Савранов, торопливыми шагами обогнув стол, сел в кресло, нахмурился. Несколько минут сидел молча, затенив глаза сероватыми, точно запыленными, ресницами. Осторожными движениями развязывал тесемочки папки, разворачивал похрустывающие листы бумаги, писал; потом, внимательно набрав номер телефона, долго с кем-то говорил. Положив трубку, взглянул на Бурова. Взгляд Савранова улыбчивый, добреющий.
— А вы знаете, товарищ Буров, сколько тонн сверхплановой стали выплавил, скажем, третий мартен? Четыре тысячи тонн. Если сравнить, — он поморщился, — эти «козлы» с четырьмя тысячами, то будет вот что…
Савранов соединил два пальца в кружок и улыбнулся:
— Нуль! Понимаете?
Буров усмехнулся про себя и подумал, что не случайно Савранов взял для примера третий мартен: он-то и заваливает копровый цех «козлами», а Савранову не хочется портить отношения с Петуниным, начальником третьего мартена. Недавно Савранов женил сына на его дочери.
— Значит, как я понимаю, — решил возразить Кузьма Алексеевич, — добро, которое пропадает, пустяки, а личные интересы, — он помедлил и добавил: — а также личные отношения, выходит, важнее?..
Лицо Савранова чуть-чуть побледнело.
— Еще не известно, у кого личные интересы на первом плане… Поговорим обо всем на цехкоме. Только… вот вы — член цехкома, а на последнем заседании не были что-то.
— Так по причине же не был я, жена болела.
— Вот-вот! Жена прихворнула, а тут хозяйство, грядки с морковочкой, огурчиками… Далеко живете, Кузьма Алексеевич. На окраине. Оттуда плохо видно, что на комбинате, в цехе… И тревога ваша кажется непонятной и немного странной. Вот.
Кузьма Алексеевич встал, медленно обеими руками натянул кепку на голову и вышел из кабинета.

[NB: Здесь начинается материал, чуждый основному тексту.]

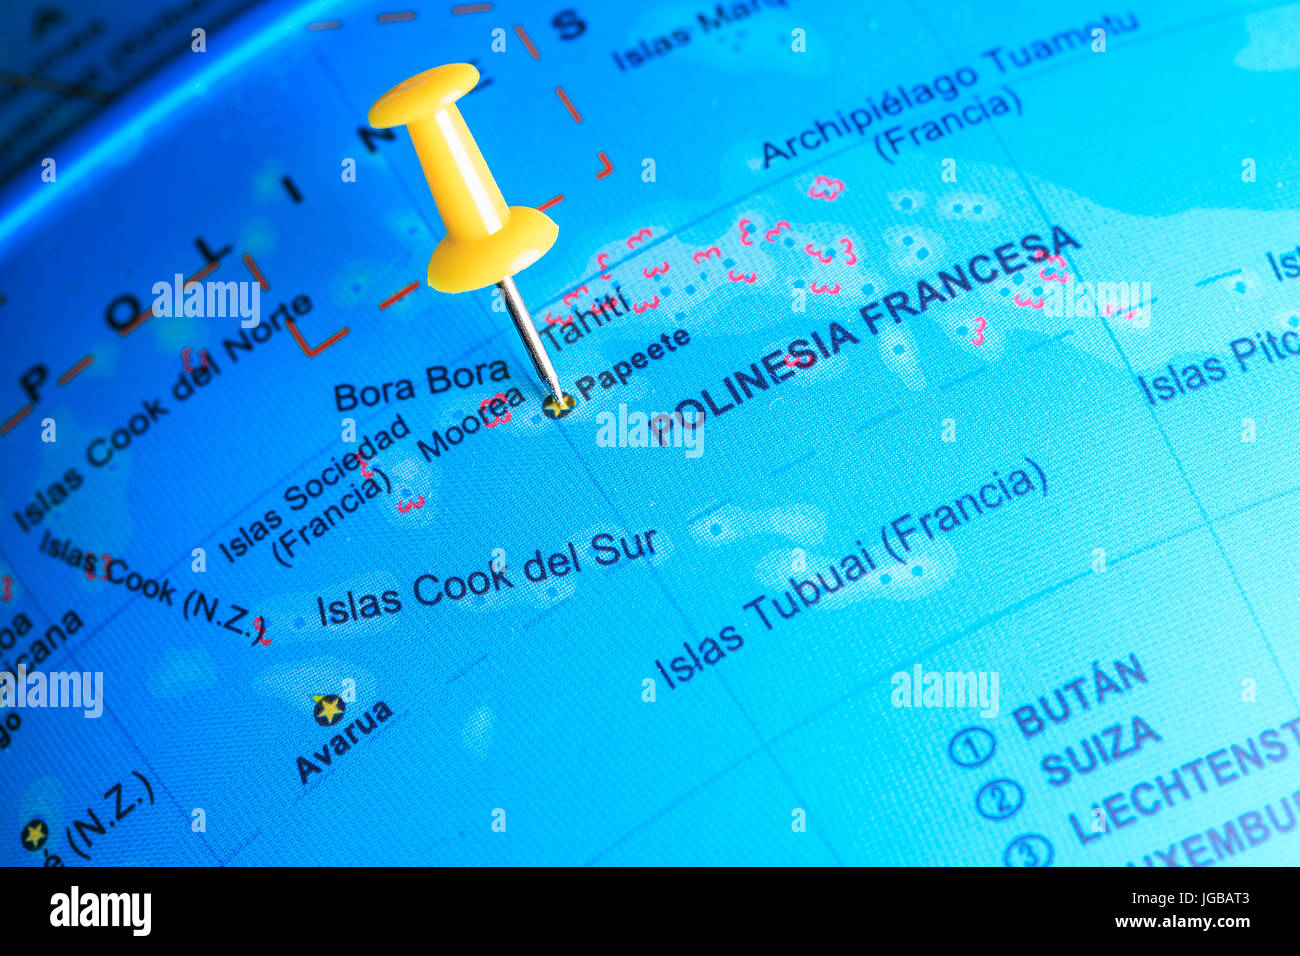 Bora Bora Pinned On A Map Of Oceania Stock Photo 147767427 Alamy

В тоскливой задумчивости шел домой. Не трамваем ехал — шел. Широкой каменной площадью, что разлеглась перед главным входом на комбинат, гомонливыми улицами, вдоль нескончаемой заводской стены, черненной дымами. Смеркалось, когда Буров, подошел к мосту через Урал. Тяжелая шелестящая вода зажигалась закатным огнем. Оглянулся: смутно маячили трубы с густоклубными багровыми дымами…
А когда вошел в тихую улицу с низкими домиками, остановился и стоял долго, дивясь этой, точно сейчас только узнанной, тишине. Жена, беспокоясь, спросила, что с ним такое. Кузьма Алексеевич не ответил. Торопливо съел ужин, разделся и лег. И только в постели ощутил, как устал. Болела голова и во всем теле — слабость и дрожь.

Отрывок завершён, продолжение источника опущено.